─── GIVEN DATA

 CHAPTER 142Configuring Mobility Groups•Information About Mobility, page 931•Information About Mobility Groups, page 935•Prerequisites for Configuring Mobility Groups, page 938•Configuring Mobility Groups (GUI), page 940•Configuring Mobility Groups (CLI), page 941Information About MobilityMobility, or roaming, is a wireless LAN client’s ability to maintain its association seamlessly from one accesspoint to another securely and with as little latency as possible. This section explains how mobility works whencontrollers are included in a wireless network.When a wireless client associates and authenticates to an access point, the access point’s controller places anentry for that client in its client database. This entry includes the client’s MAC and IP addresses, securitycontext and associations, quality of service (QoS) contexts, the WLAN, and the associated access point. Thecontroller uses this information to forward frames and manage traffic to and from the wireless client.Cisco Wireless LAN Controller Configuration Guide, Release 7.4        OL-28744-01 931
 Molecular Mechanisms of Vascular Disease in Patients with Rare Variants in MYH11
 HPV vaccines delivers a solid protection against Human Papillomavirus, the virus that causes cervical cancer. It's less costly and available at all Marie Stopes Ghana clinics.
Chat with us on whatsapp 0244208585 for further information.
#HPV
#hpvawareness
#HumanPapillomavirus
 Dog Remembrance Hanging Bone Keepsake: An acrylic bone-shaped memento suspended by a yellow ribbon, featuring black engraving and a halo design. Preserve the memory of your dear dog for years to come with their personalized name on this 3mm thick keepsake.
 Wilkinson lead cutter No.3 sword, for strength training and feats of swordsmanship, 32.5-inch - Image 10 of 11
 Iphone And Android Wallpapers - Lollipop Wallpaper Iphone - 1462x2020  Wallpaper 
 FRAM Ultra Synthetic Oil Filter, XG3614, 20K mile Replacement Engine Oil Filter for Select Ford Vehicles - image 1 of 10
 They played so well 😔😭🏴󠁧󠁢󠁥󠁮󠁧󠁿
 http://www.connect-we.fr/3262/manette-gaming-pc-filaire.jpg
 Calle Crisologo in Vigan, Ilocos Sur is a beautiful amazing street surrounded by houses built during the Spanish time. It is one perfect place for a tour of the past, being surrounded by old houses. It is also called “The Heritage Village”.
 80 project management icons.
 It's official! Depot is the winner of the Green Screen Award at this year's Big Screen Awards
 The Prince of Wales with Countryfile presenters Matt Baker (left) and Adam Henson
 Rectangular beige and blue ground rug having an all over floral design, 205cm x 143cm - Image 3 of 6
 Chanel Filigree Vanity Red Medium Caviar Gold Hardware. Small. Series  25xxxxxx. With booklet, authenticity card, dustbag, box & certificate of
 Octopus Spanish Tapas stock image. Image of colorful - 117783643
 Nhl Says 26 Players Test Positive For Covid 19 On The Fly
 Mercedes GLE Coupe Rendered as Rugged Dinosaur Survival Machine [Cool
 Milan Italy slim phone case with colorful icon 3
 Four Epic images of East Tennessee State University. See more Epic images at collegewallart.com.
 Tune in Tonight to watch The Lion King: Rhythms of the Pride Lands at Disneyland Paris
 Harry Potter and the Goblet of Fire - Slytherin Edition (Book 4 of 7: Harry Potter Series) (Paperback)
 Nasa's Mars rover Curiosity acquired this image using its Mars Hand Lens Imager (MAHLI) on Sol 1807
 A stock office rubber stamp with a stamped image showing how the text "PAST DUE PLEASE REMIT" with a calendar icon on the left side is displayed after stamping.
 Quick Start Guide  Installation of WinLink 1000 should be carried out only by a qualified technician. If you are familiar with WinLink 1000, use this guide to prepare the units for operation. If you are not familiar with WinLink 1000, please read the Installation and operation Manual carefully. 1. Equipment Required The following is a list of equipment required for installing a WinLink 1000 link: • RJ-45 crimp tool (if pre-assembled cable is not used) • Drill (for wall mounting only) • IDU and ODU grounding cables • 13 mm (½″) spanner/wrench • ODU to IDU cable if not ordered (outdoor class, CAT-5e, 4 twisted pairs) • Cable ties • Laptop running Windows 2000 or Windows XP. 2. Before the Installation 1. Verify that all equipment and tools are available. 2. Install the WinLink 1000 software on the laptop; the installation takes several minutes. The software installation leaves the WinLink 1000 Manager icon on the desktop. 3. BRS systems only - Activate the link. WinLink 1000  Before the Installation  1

──────

Could you set down, word for word, only the lines above from the line with "http://www.connect-we.fr/3262/manette-gaming-pc-filaire.jpg" to the line with "Nhl Says 26", including both?

RESULT OF THIS TASK =
 http://www.connect-we.fr/3262/manette-gaming-pc-filaire.jpg
 Calle Crisologo in Vigan, Ilocos Sur is a beautiful amazing street surrounded by houses built during the Spanish time. It is one perfect place for a tour of the past, being surrounded by old houses. It is also called “The Heritage Village”.
 80 project management icons.
 It's official! Depot is the winner of the Green Screen Award at this year's Big Screen Awards
 The Prince of Wales with Countryfile presenters Matt Baker (left) and Adam Henson
 Rectangular beige and blue ground rug having an all over floral design, 205cm x 143cm - Image 3 of 6
 Chanel Filigree Vanity Red Medium Caviar Gold Hardware. Small. Series  25xxxxxx. With booklet, authenticity card, dustbag, box & certificate of
 Octopus Spanish Tapas stock image. Image of colorful - 117783643
 Nhl Says 26 Players Test Positive For Covid 19 On The Fly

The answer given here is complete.